Brief | Below are some entries. Return exactly the lines from the one with "Diablo_Cover.jpg" through the final line, leaving out any pictures.

───── Task input

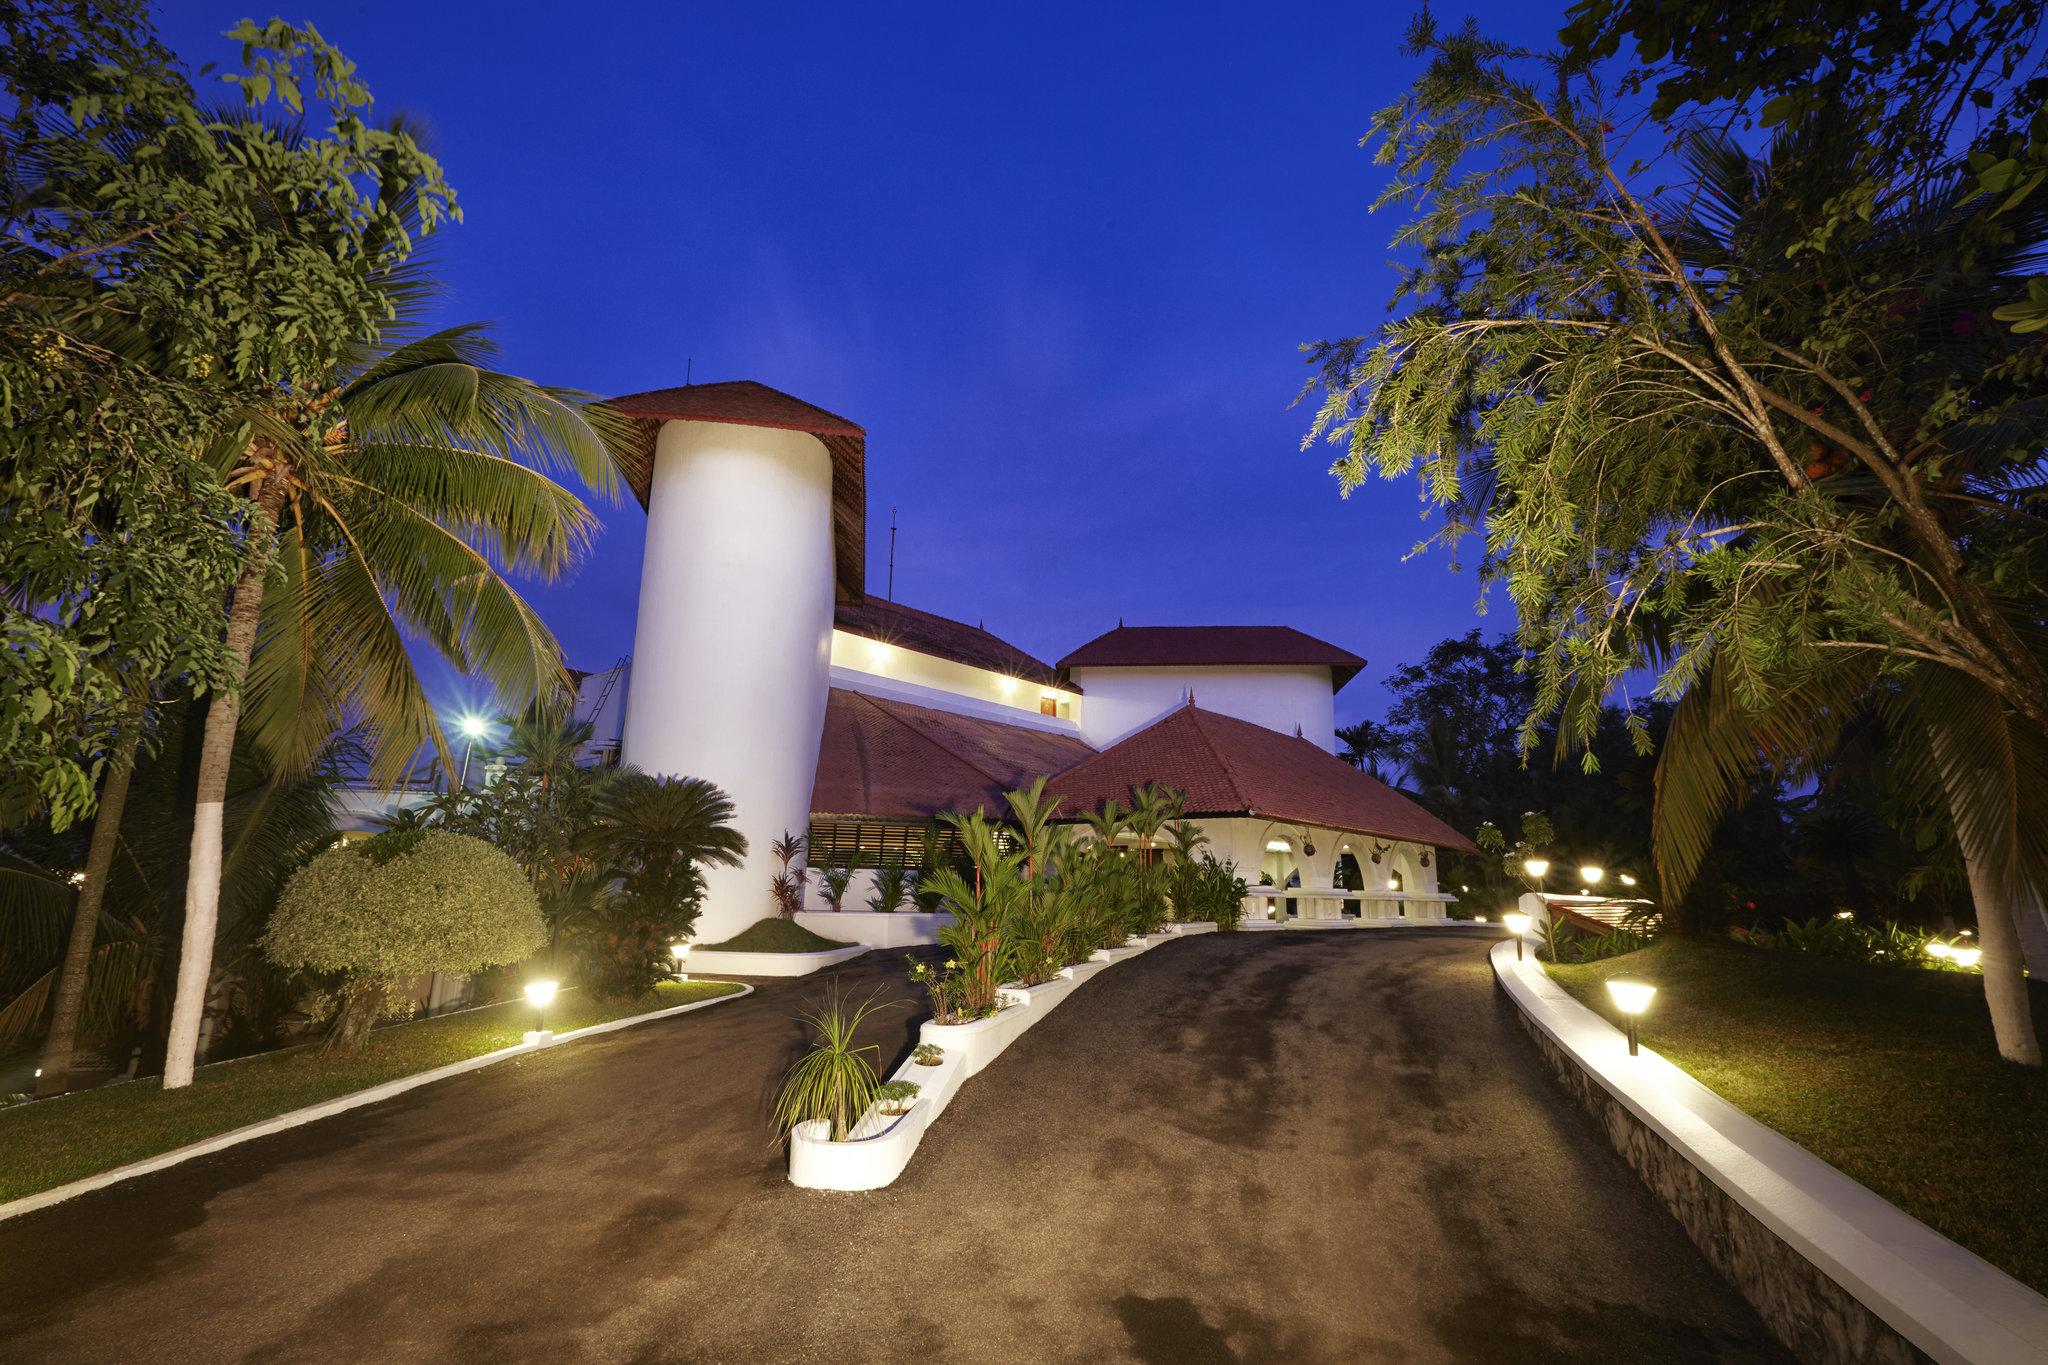 Gateway Hotel Janardhanapuram Varkala
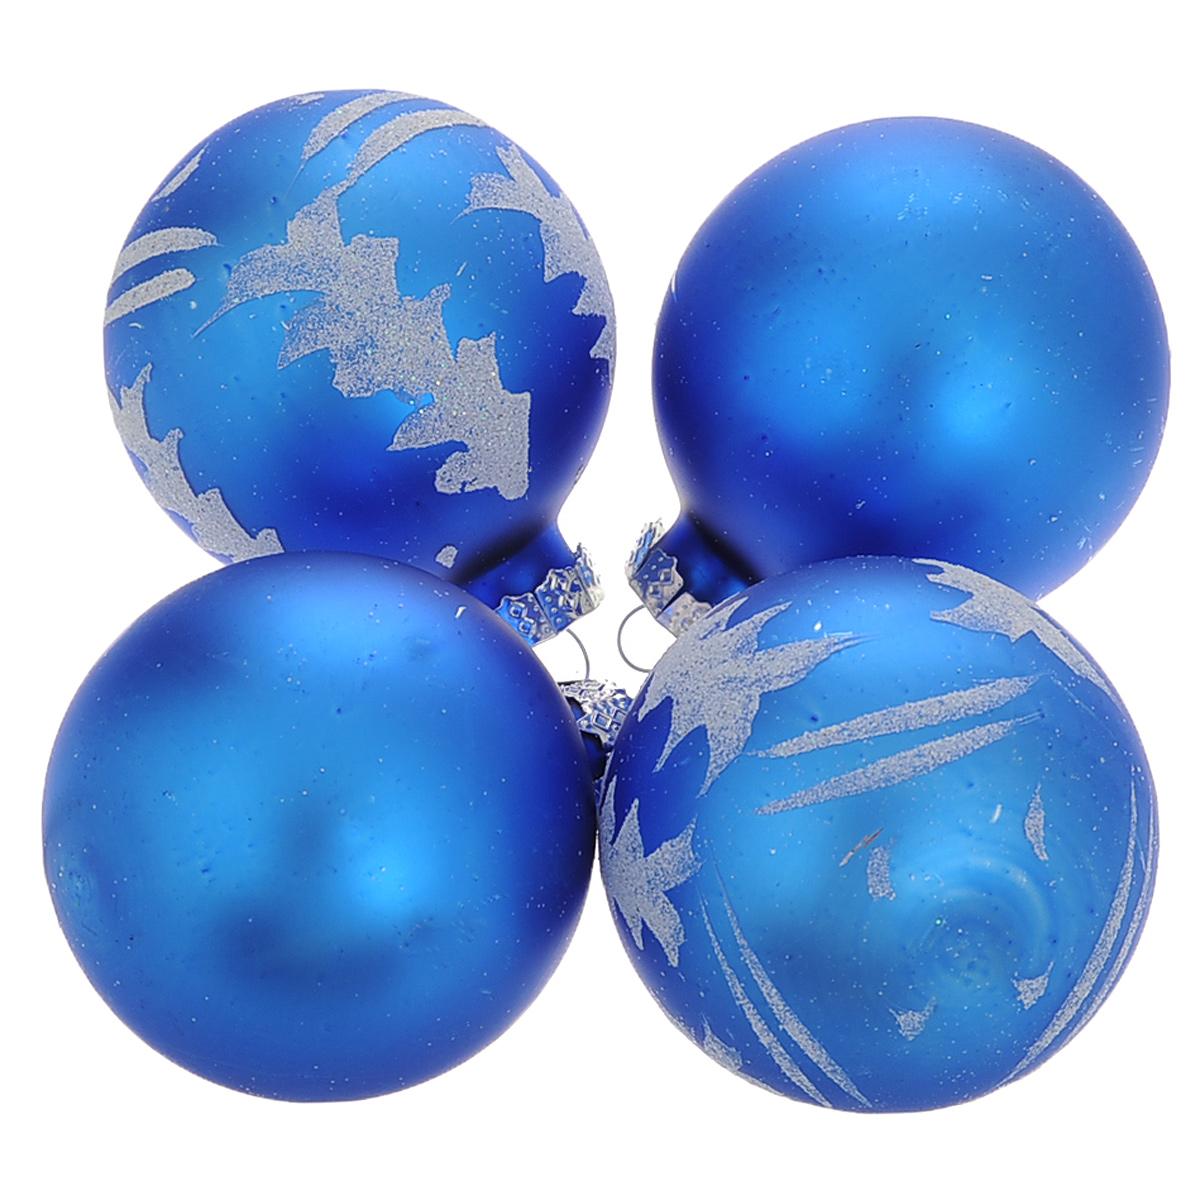 Набор новогодних подвесных украшений Шар, цвет: серебристый, синий, диаметр 6 см, 4 шт. 3448234482Набор новогодних подвесных украшений Шар прекрасно подойдет для праздничного декора новогодней ели. Состоит из четырех шаров. Елочная игрушка - символ Нового года. Она несет в себе волшебство и красоту праздника. Создайте в своем доме атмосферу веселья и радости, украшая новогоднюю елку нарядными игрушками, которые будут из года в год накапливать теплоту воспоминаний. Коллекция декоративных украшений принесет в ваш дом ни с чем несравнимое ощущение волшебства! Откройте для себя удивительный мир сказок и грез. Почувствуйте волшебные минуты ожидания праздника, создайте новогоднее настроение вашим дорогим и близким.
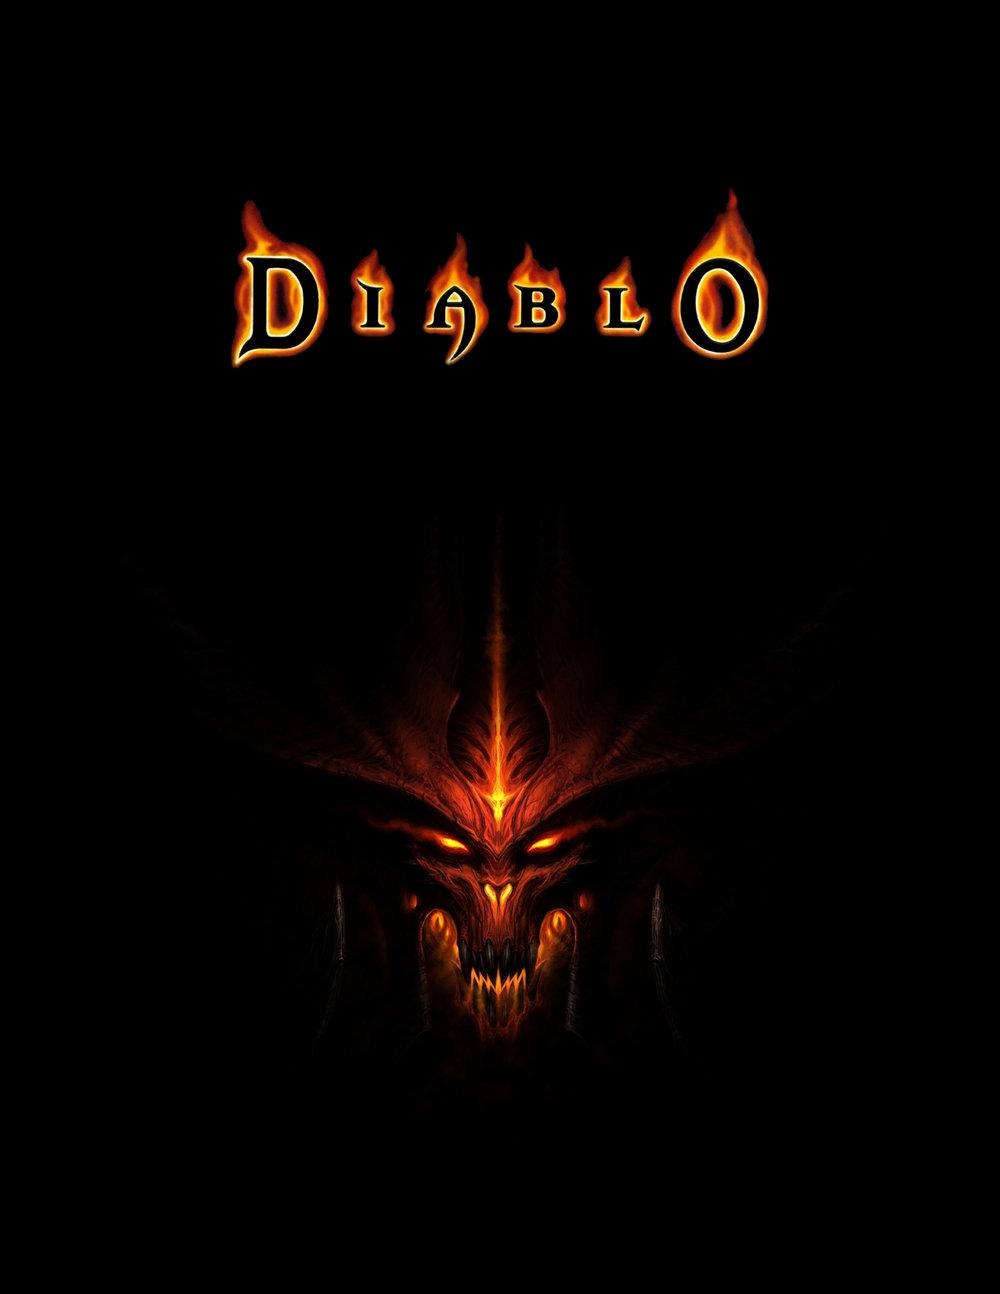 Diablo_Cover.jpg
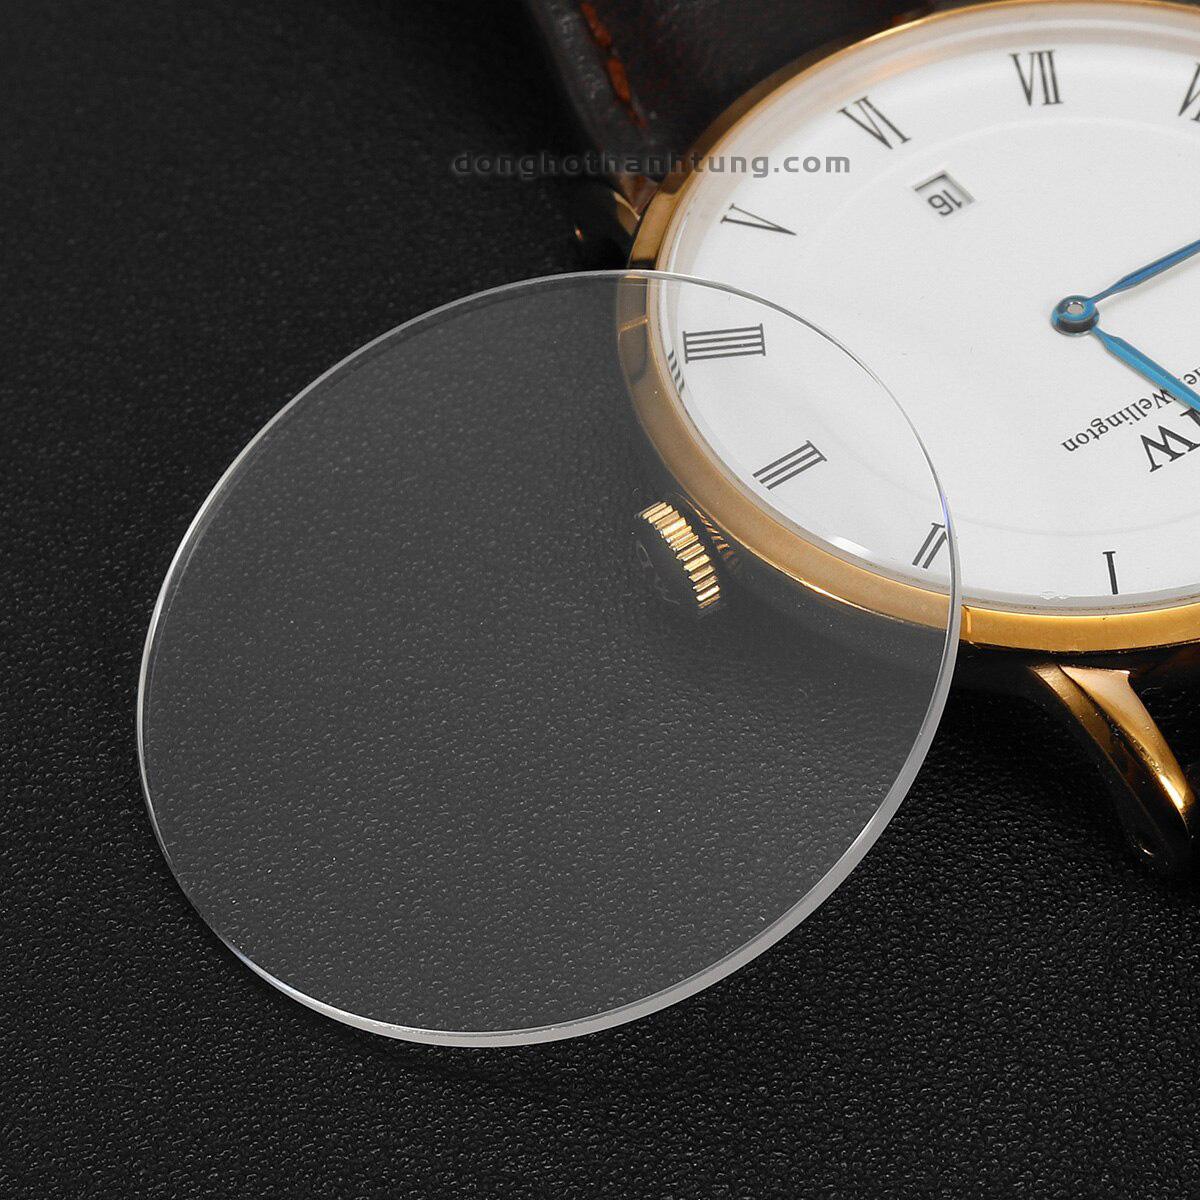 Mặt kính đồng hồ : Ưu điểm và nhược điểm
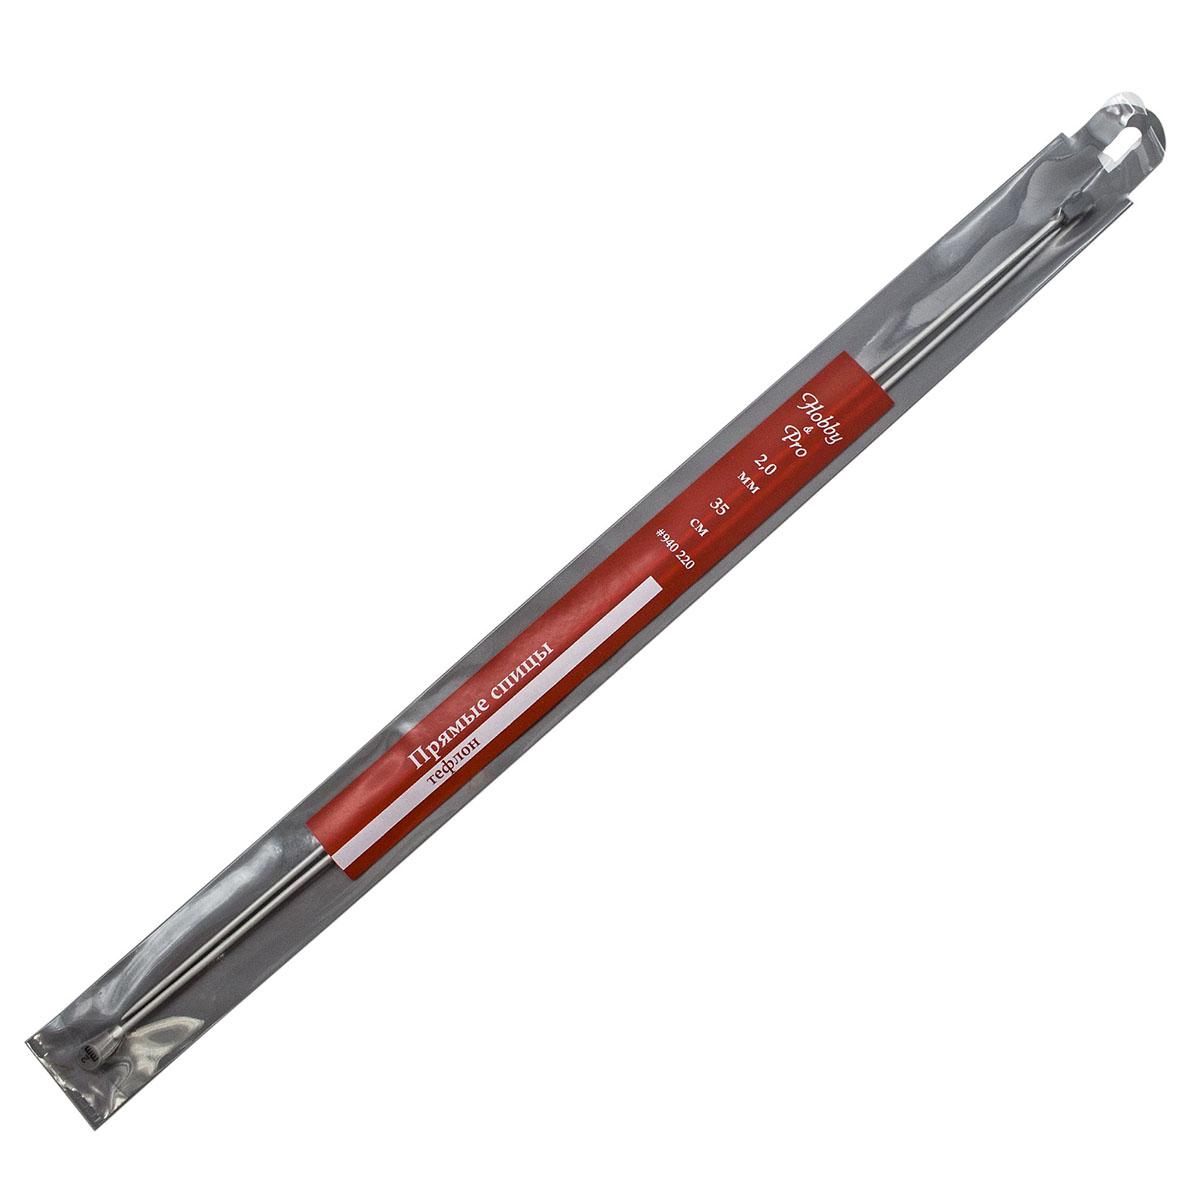 940220 Спицы прямые алюминиевые с покрытием 35см, 2,0мм Hobby&Pro

──────────

Output for this exercise |
 Diablo_Cover.jpg
 Mặt kính đồng hồ : Ưu điểm và nhược điểm
 940220 Спицы прямые алюминиевые с покрытием 35см, 2,0мм Hobby&Pro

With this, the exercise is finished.